Последние километры пути пришлось тащить лодку одному: Булька, добросовестная моя помощница, сбежала. Не помогли никакие окрики. Да и как было устоять? Впереди нас, метрах в ста, переходил речку красавец олень. Сильная струя пенилась вокруг него, и он шел, медленно ступая по скользким камням. Голову с переплетом тонких рогов он нес высоко поднятой и вид у него был гордый, спокойный и в то же время настороженный.
Учуяв нас, олень в два прыжка вымахнул из речки, сделал огромный скачок по прибрежным скалам, и густые кусты опушки скрыли его из глаз. Булька отчаянно залаяла, рванулась что есть сил за добычей и умчалась вслед за ней с обрывком шлейки на шее. Только я ее и видел!
Сильно измученный, я достиг, наконец, цели — порогов, перегородивших реку обломками мощных скал, свергаясь с которых, вода образовала омут с бездонными ямами, населенными, по слухам, великанами-тайменями. Из-за них-то и преодолел я около шестидесяти километров по извилистой горной речке и теперь стоял возле потока, слегка оглушенный гулом падающей воды, и жадно вдыхал влажный, насыщенный водяной пылью, воздух. Все суставы ныли, горели огнем распухшие от укусов лицо и шея. Одежда противно липла к телу. И когда из кустов, наконец, появилась Булька, некрупная, ладная лайка, великолепно одетая в черную с серебром, глянцевитую шубу, с породистой тонкой мордой и острыми, стоящими ушами, сейчас виновато опущенными, я не сдержался и проучил ее тем самым ремешком упряжки, что порвала она при своем бегстве. Непривычная к наказаниям, она убежала и спряталась. Как я ее ни звал, она не вернулась. Мне хоть и казалось, что я, наказав ослушницу, поступил правильно, но в душе зашевелилась жалость: уж очень удрученный был у Бульки вид, когда, вся сжавшись, с прилипшими к голове ушами и хвостом между ног, она удрала от меня в кусты.

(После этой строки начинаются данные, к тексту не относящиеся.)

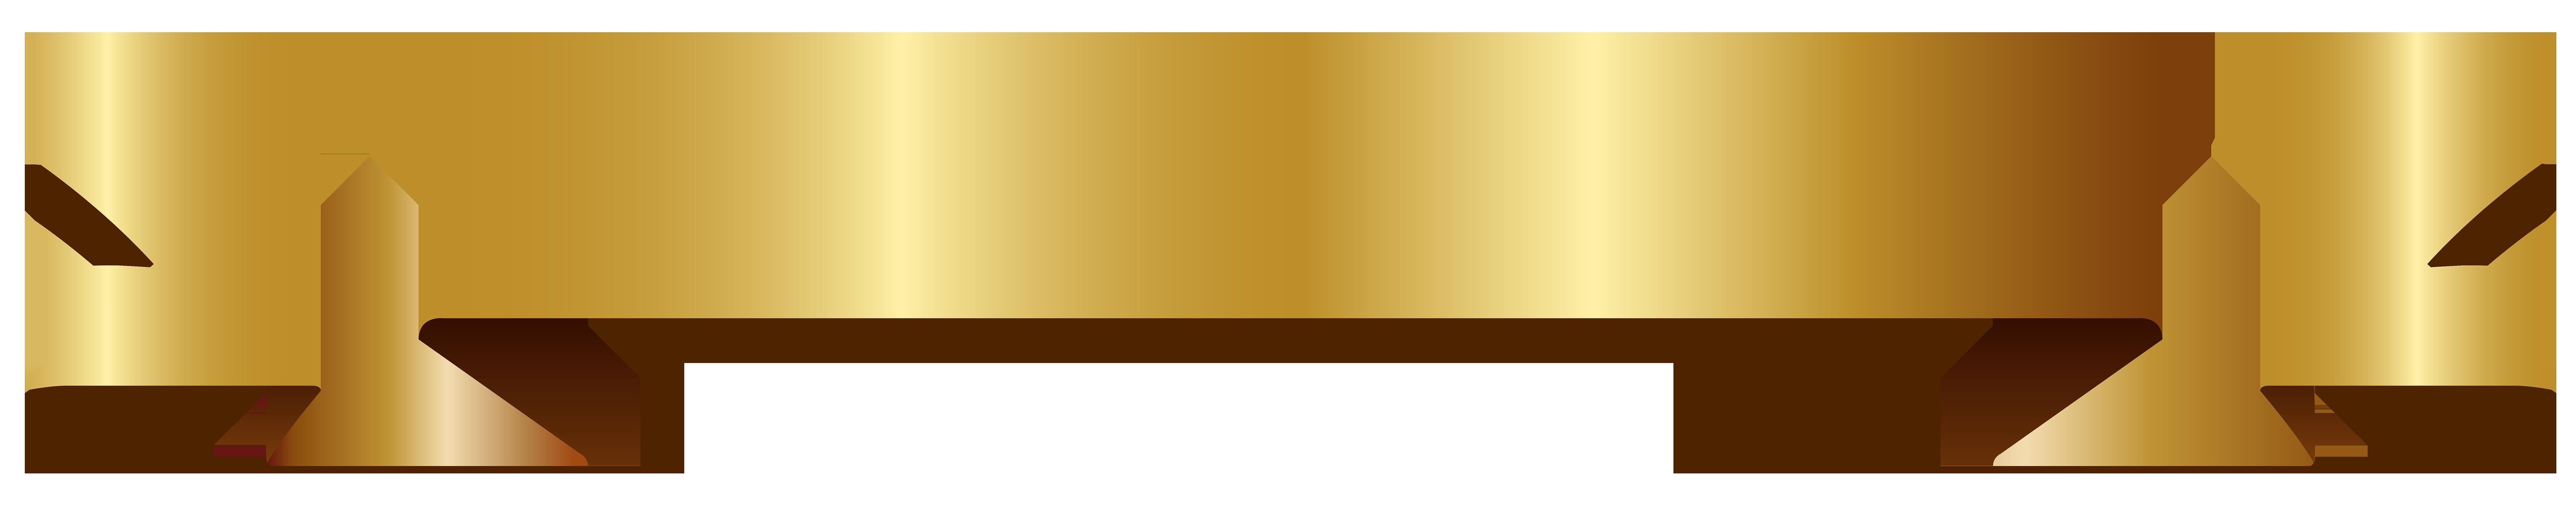 Families clipart banner. Gold transparent png clip

Освежившись в студеной воде, я принялся потрошить выловленных в пути хариусов и ладить спиннинг. Нескончаемый летний день клонился к вечеру; это можно было заметить, пожалуй, лишь по исчезновению оводов и слепней. Душный зной не спадал, а светлое небо и яркая зелень леса сверкали по-прежнему. Дым от двух разложенных мной небольших костров тихо плыл в сторону, служа надежной, однако по-своему докучной защитой от комаров, этого истинного бича тайги. Я оглядывал незнакомые, дикие, никем не хоженные места, стараясь по разным, известным рыболовным признакам угадать, как вознаградит меня за тяжкие четырехдневные труды этот бурливый омут, стесненный скалами, с торчащими со дна камнями и отливающими, точно нефть, темными струями с клочьями желтоватой пены? И я с увлечением сматывал на катушки надежные сатурновые лески, расправлял помятых искусственных мышей, следил за тихо булькавшим на углях котелком с ухой. И — нет-нет поднимал голову и прислушивался.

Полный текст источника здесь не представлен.